Shiloh and Cary were best friends in high school, part of a steadfast trio with their pal Mikey, and while they were inseparable and had secret feelings for each other, they never managed to make it out of the “friend zone,” except for a weekend of bliss coupled with massive misunderstandings during Shiloh’s college years. They grew up on the poor side of Omaha, and both had plans to escape; Shiloh was going to be an actress and probably head for New York City, while Cary’s exit plan was to join the Navy. Cary fulfilled his objective, but Shiloh dabbled in theater until she met an acting teacher with partner potential, then produced two children followed by a divorce, and remained stuck in Omaha, living with her mom and kids in the house where she grew up. Fourteen years later, they both attend a second wedding for their friend Mikey, and reconnect—sort of. The old feelings resurface, along with the misunderstandings, the ambivalence, the life conflicts, the water under the bridge…in short, they have a lot to get over and get past if they are ever to share something meaningful. The will-they won’t-they, combined with the flashback story of how they got to this point in their lives, is the story here.

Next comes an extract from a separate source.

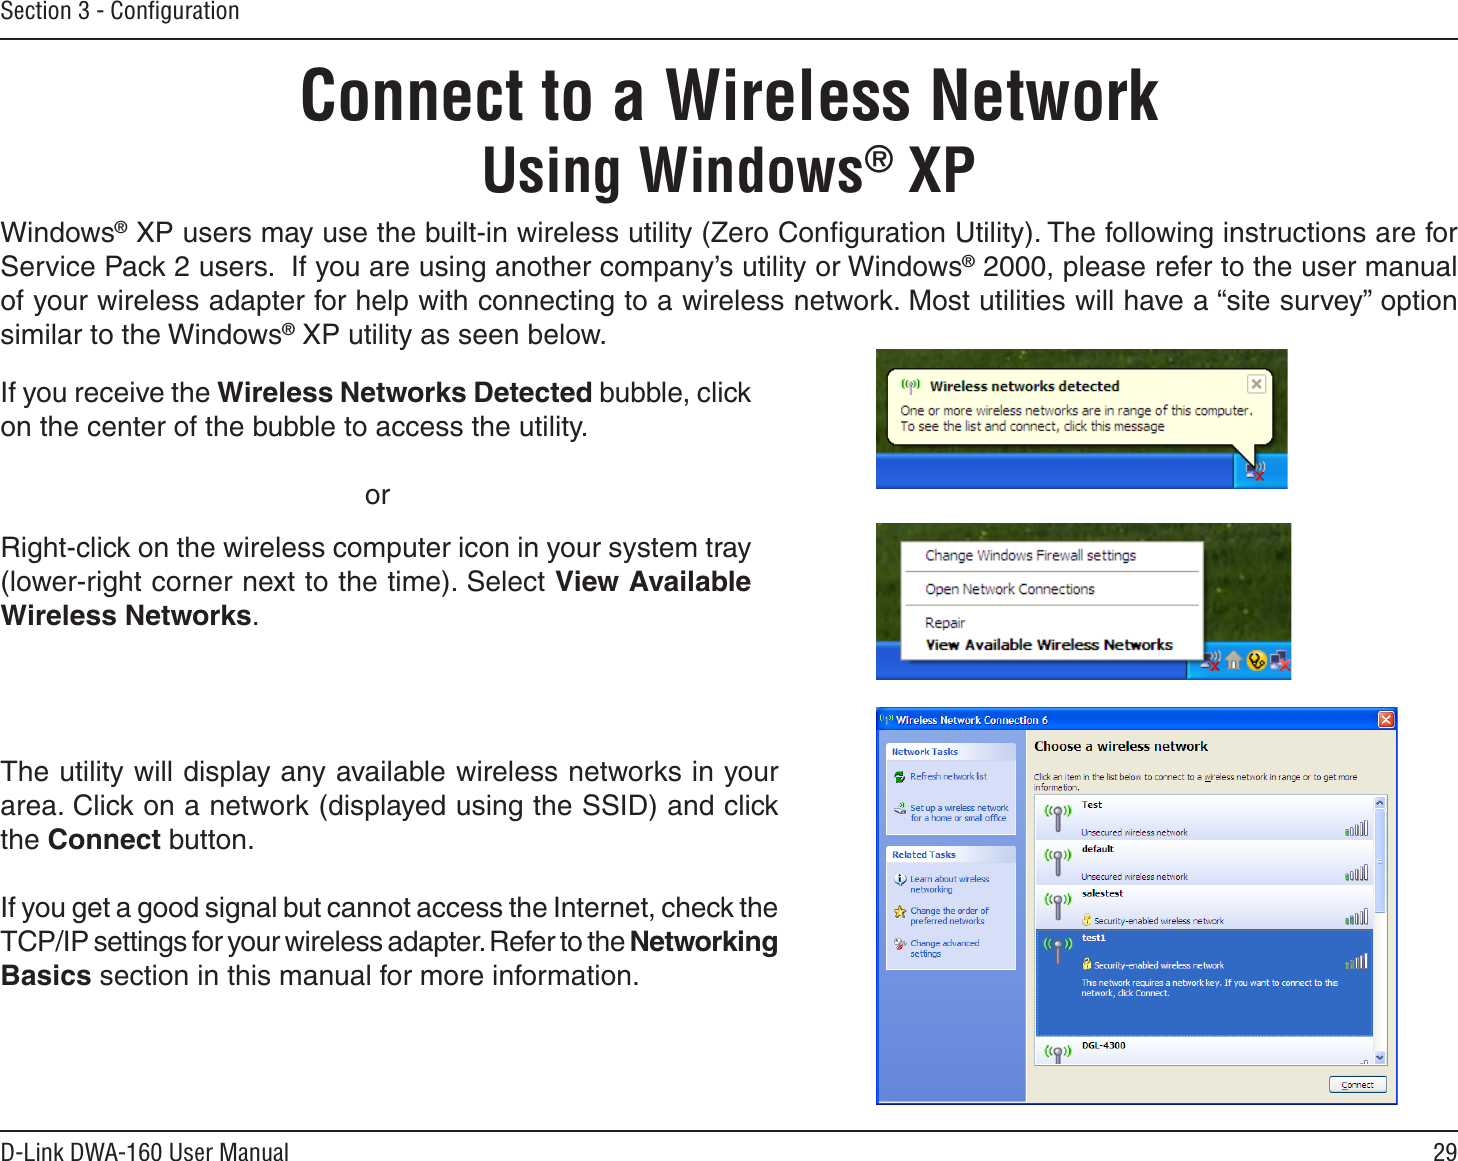 29D-Link DWA-160 User ManualSection 3 - ConﬁgurationConnect to a Wireless NetworkUsing Windows® XPWindows® XP users may use the built-in wireless utility (Zero Conﬁguration Utility). The following instructions are for Service Pack 2 users.  If you are using another company’s utility or Windows® 2000, please refer to the user manual of your wireless adapter for help with connecting to a wireless network. Most utilities will have a “site survey” option similar to the Windows® XP utility as seen below.Right-click on the wireless computer icon in your system tray (lower-right corner next to the time). Select View Available Wireless Networks.If you receive the Wireless Networks Detected bubble, click on the center of the bubble to access the utility.     orThe utility will display any available wireless networks in your area. Click on a network (displayed using the SSID) and click the Connect button.If you get a good signal but cannot access the Internet, check the TCP/IP settings for your wireless adapter. Refer to the Networking Basics section in this manual for more information.

The saucy banter, the genuine emotions, and the honesty of expression brought back the best parts of Eleanor and Park; and although there are moments when you want to take one or both of them by the shoulders and give them a good shake, you’re mostly rooting for Cary and Shiloh to get it together and succeed at this second-chance romance. (And you also want a happily ever after for Shiloh’s extremely engaging children, Juniper and Gus.) A solid entry for Rowell’s adult realistic fiction shelf.